The provided document is a 510(k) summary for the InControl InTone device, a non-implantable electrical stimulator for treating female urinary incontinence. The claims are for "substantial equivalence" of the InControl InTone device to predicate devices on the market and do not detail any clinical studies. Therefore, this document does not contain information to answer the bulk of your questions regarding acceptance criteria, study sizes, ground truth establishment, or clinical performance metrics.

However, based on the provided tables comparing the InControl InTone device to its predicate devices (Otto Bock STIWELL med4, MyoTrac Infiniti, and Hollister evadri), we can infer the acceptance criteria were based on demonstrating equivalence in intended use, technology, engineering, and performance specifications.

Here's the information that can be extracted from the provided text:

1. A table of acceptance criteria and the reported device performance:

The acceptance criteria are not explicitly stated with numeric thresholds or targets for device performance. Instead, the "Comparison" column indicates whether the InControl InTone's features are "Identical," "Equivalent," or "Within range" compared to predicate devices. The "Reported Device Performance" for the InControl InTone is simply its listed specifications.

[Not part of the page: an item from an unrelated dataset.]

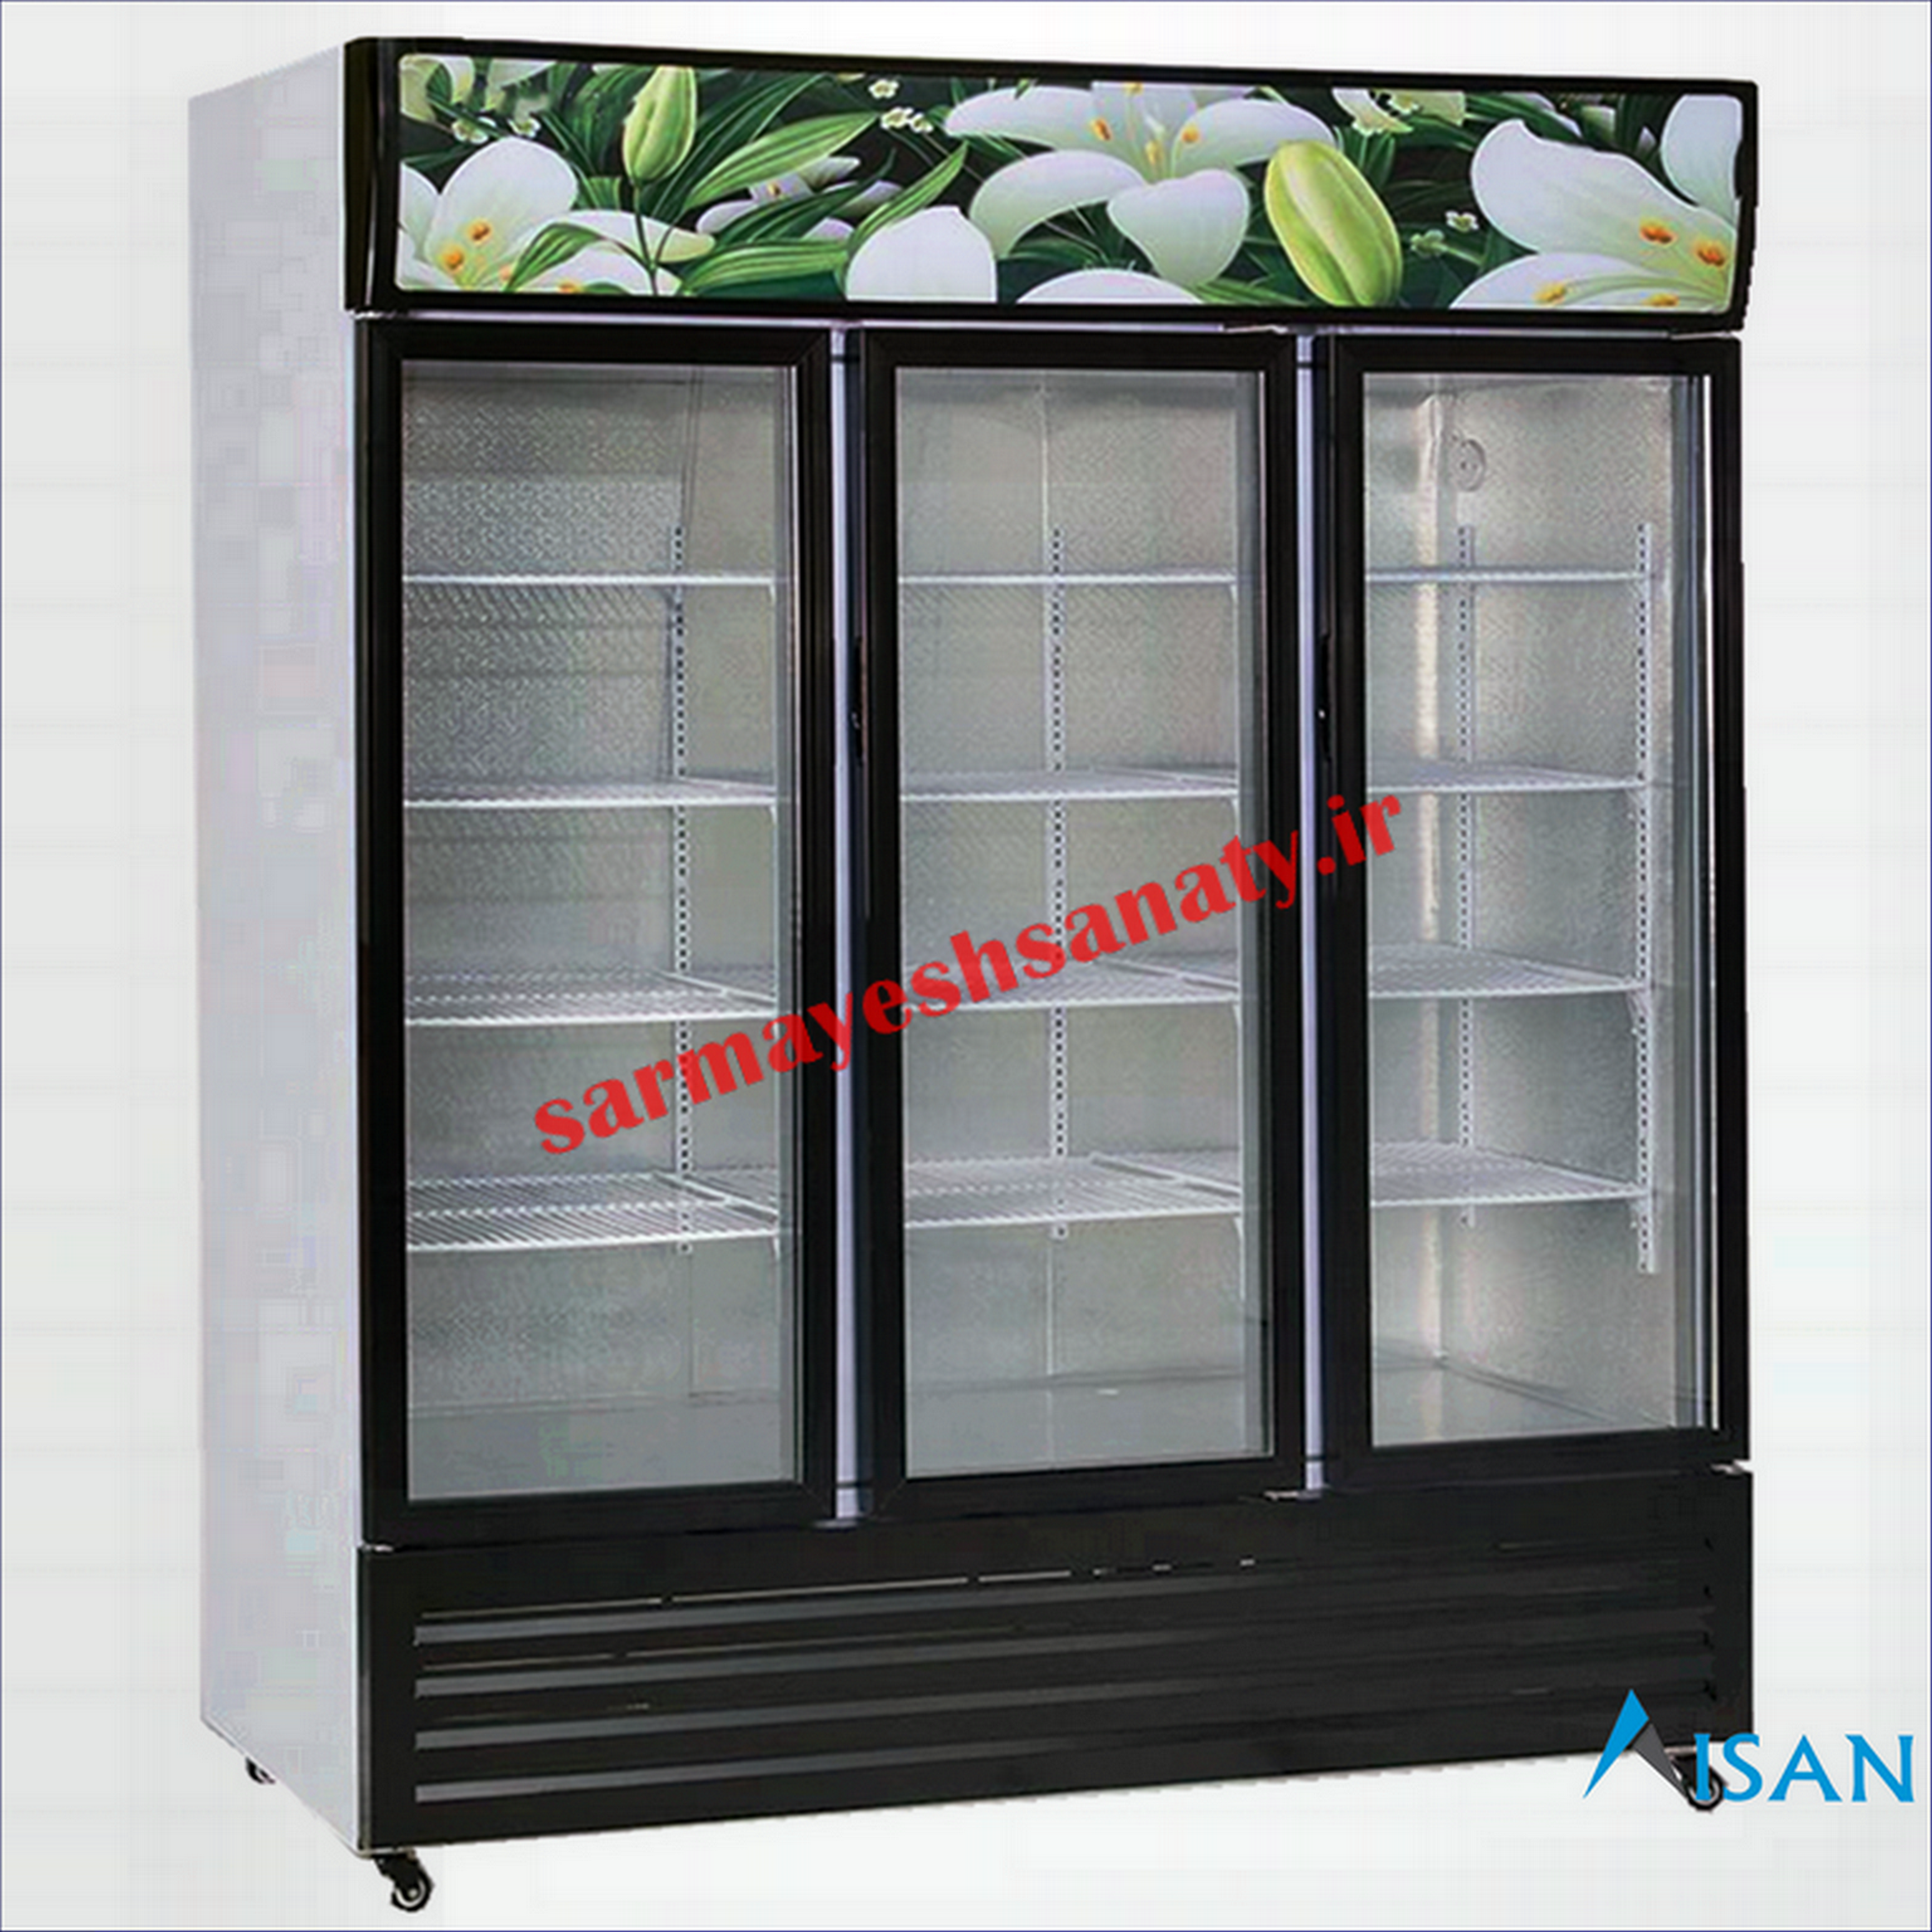 فروش یخچال ویترینی در اصفهان با قیمت تولیدی

Feature/Function	Predicate Acceptance Criteria (Inferred from comparison)	InControl InTone (Reported Device Performance)	Comparison to Predicate Devices (Otto Bock, MyoTrac, Hollister)
Intended Use	Equivalent to predicate devices	Treatment of female urinary incontinence, electrical stimulation to pelvic floor, muscle re-education. Acute and ongoing treatment of mixed urinary incontinence.	Equivalent
Method of line current Isolation	Battery operated	n/a (battery)	Identical (to Otto Bock, MyoTrac)
Patient leakage current	Battery operated	n/a (battery)	Identical (to Otto Bock, MyoTrac)
Number of output modes	1	1	Identical (to all)
Number of output channels	1	1	Identical (to all)
Regulated current or Voltage	Regulated current / voltage (equivalent or within range of predicates)	Regulated voltage	Equivalent
Firmware controlled	Yes	Yes	Identical (to all)
Automatic Overload Trip	Yes	Yes	Identical (to Otto Bock)
Automatic No-Load Trip	Yes	Yes	Identical (to Otto Bock)
Automatic Shut Off	Yes	Yes	Identical (to Otto Bock)
Indicator Display On/Off Status/Low Battery	Yes	Yes	Identical (to Otto Bock, MyoTrac)
Waveform, shape	Biphasic symmetrical rectangular / asymmetric balanced pulse / balanced biphasic	dual phase, rectangular pulses	Identical (to Otto Bock, Hollister)
Frequency (Mixed, Stress, Urge)	Within range of predicate values	50 Hz	Identical (to MyoTrac, Hollister specifically mentions 50Hz) / Within range
Pulse width (Mixed, Stress, Urge)	Within range of predicate values	200 µs/phase	Within range
Time (On, Off, Total Session Time)	Within range of predicate values	On: 20 secs, Off: 10 secs, Total: 12 mins	Within range
Max output voltage (500Ω)	50 Vdc	50 Vdc	Identical (to Otto Bock)
Max output current (500Ω)	100 mA	100 mA	Identical (to Otto Bock)
Maximum phase charge (500Ω)	50-60 µC	50 µC	Identical
Electrode surface area	Equivalent to predicate values	10.5 cm² x 2	Equivalent
Max current density	Equivalent to predicate values	4.7 mA/cm²	Identical
Maximum power density (500Ω)	Equivalent to predicate values	14.3 µW/cm²	Equivalent
Biofeedback	EMG, pressure, or combination	Air pressure, 0-2 psi	Equivalent (to Hollister)
Dimensions	Equivalent to predicate sizes	8 x 5 x 4 inches	Equivalent
Control housing materials	Plastics	ABS plastics	Equivalent
Insertion material	Plastics	Silicone, plastics	Equivalent
Packaging or Expiration Dating	N/A or 1 year	1 year for insertion unit
Sterilization	N/A	N/A
Operational Method (Clinical Use)	Clinic or Home use, under direction of physician	Clinic or Home use, under direction of physician	Identical (to all)
Patient Interaction: Functions Controllable	Starting/stopping of sessions (auto-stop for completion)	Patient controls start/stop, device auto-stops	Equivalent
Patient Interaction: Programming Capability	None, programmed by clinician	None, programming by clinician	Equivalent (to Otto Bock, MyoTrac)
Override	Yes	Yes	Identical (to Otto Bock)
Patient Interaction: Operator Requirements	No special knowledge/training, instruction manual, physician coaching	No special knowledge/training, instruction manual, physician coaching	Identical (to all)
Software Level of Concern	(Not explicitly stated for predicates, but "Moderate" for new device)	Moderate
Environmental Specifications	For indoor use only	For indoor use only	Identical (to all)
Power Source	Various (Li-Ion, AAA alkaline, AC power)	Nickel metal hydride battery	Equivalent

2. Sample size used for the test set and the data provenance (e.g. country of origin of the data, retrospective or prospective)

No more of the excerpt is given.